Have you tried to configure a port forward ? I have anything that attempts DNS port 53 or 853 to be forwarded to the firewall. It works great for my home set up. Here is how I did it.

Screenshot 2023-01-25 at 6.37.22 PM.png
(Image: Port forwarding anything that is ! not the firewall loopbacks to the firewall itself for DNS resolving.)

Screenshot 2023-01-25 at 6.37.30 PM.png
(Image: Alias details set as negated "anything not going to these addresses for port 53 or 853)

Screenshot 2023-01-25 at 6.37.37 PM.png
(Image: Alias for ports I have named DNS_PORTS)

Screenshot 2023-01-25 at 6.40.48 PM.png
(Image: Only port 853 in use for encrypted DNS requests)

Screenshot 2023-01-25 at 6.42.48 PM.png
(Image: DNS ACL rules I use for use with port forward anything that originates from LAN side hosts is approved to go to 192.169.1.1 "my home firewall ip small home network" with ports 853 and 53)

Screenshot 2023-01-25 at 6.44.36 PM.png
(Image: Make sure you create a most often accessed DNS list and block access with HTTPS)

Screenshot 2023-01-25 at 6.45.43 PM.png
(Image: Basic DoH blocks. Do not allow HTTPS connections to the following ip addresses)

Screenshot 2023-01-25 at 6.48.12 PM.png
(Image: now all requests for port 53 end up right at the firewalls address)

JonathanLee

@michmoor

I have two new really good whitelists I have learned about.

caauthservice.state.gov : for passports
mohela.com : new student loan government provider

Both should be marked always whitelist.

DBMandrake

@jonathanlee said in Squid Proxy - Whitelist domains - Any lists out there?:

Hello it was not my intention to jump to conclusions, I want to try to help. I have just noticed you said "Google Chrome is particularly problematic because it makes direct (normal) DNS queries to 8.8.8.8 all the time and ignores the locally specified servers unless it can't get a response. So this has to be blocked with firewall rules and is blocked with reject rather than drop so it gets an immediate failure to avoid name lookup delays..."

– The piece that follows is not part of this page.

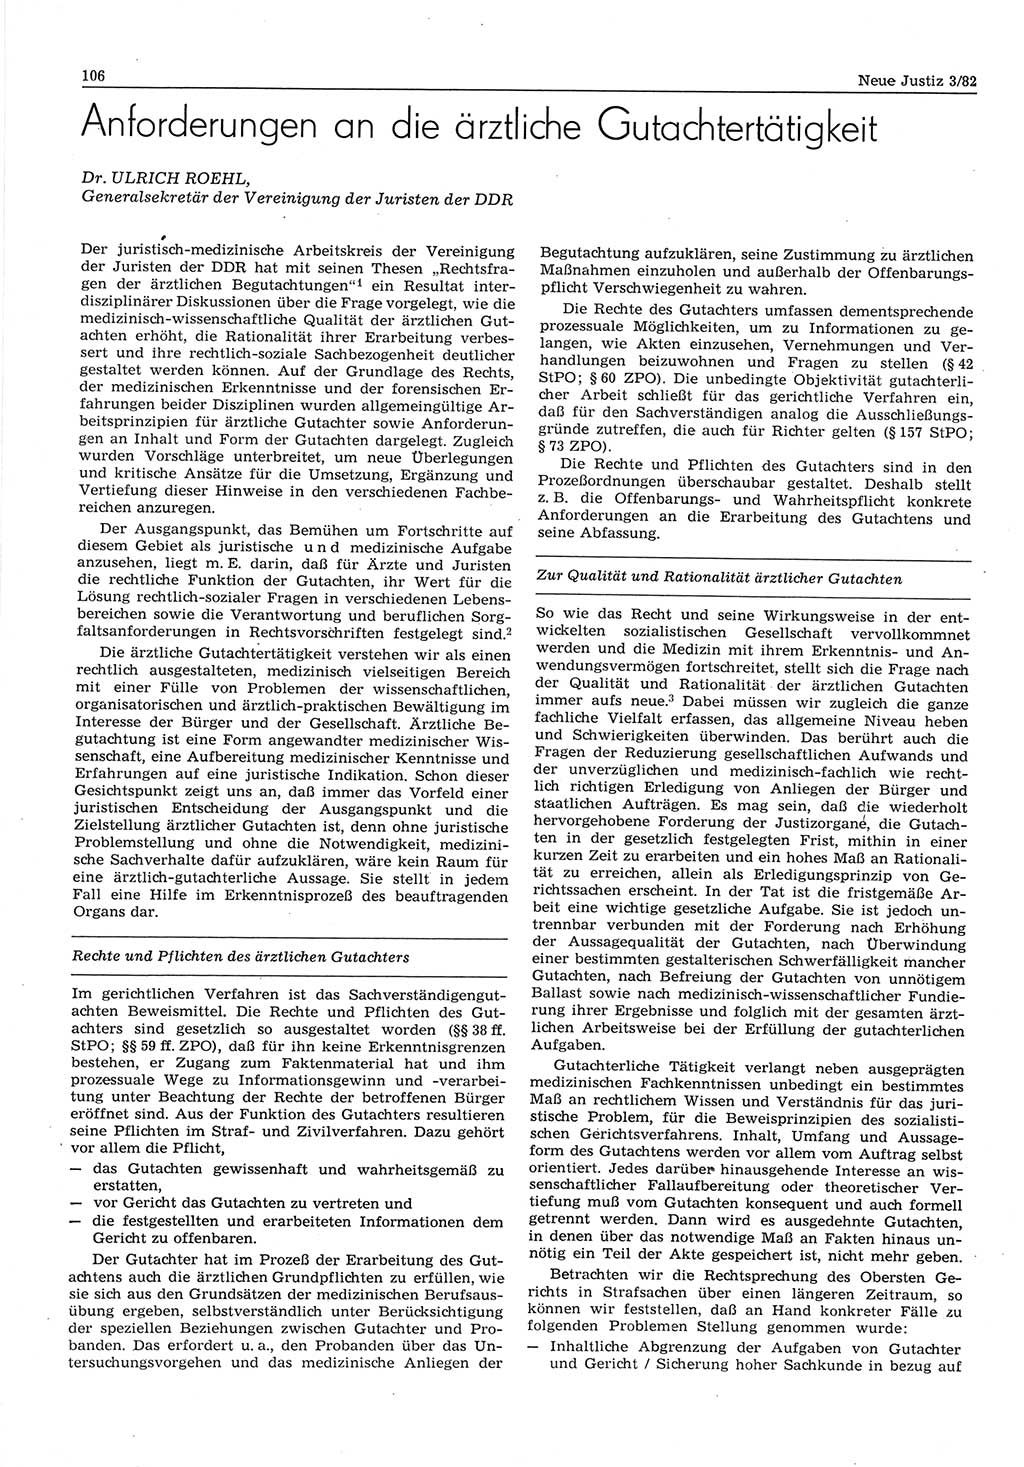 Neue Justiz (NJ), Zeitschrift für sozialistisches Recht und Gesetzlichkeit [Deutsche Demokratische Republik (DDR)], 36. Jahrgang 1982, Seite 106 (NJ DDR 1982, S. 106)

Have you tried to configure a port forward ? I have anything that attempts DNS port 53 or 853 to be forwarded to the firewall. It works great for my home set up. Here is how I did it.

Hi,

I've seen the advice in many articles to use port forwarding to redirect all outgoing DNS queries back to the DNS server running on PFSense - the only problem is it just doesn't work, at least with my network configuration.

I've spent a while trying to debug why it doesn't work to no avail, no response is ever forthcoming from unbound, so I have just stuck with blocking rather than redirecting - only specific devices are allowed to make public DNS queries with most clients blocked and forced to use provided internal DNS servers. It has the same end effect.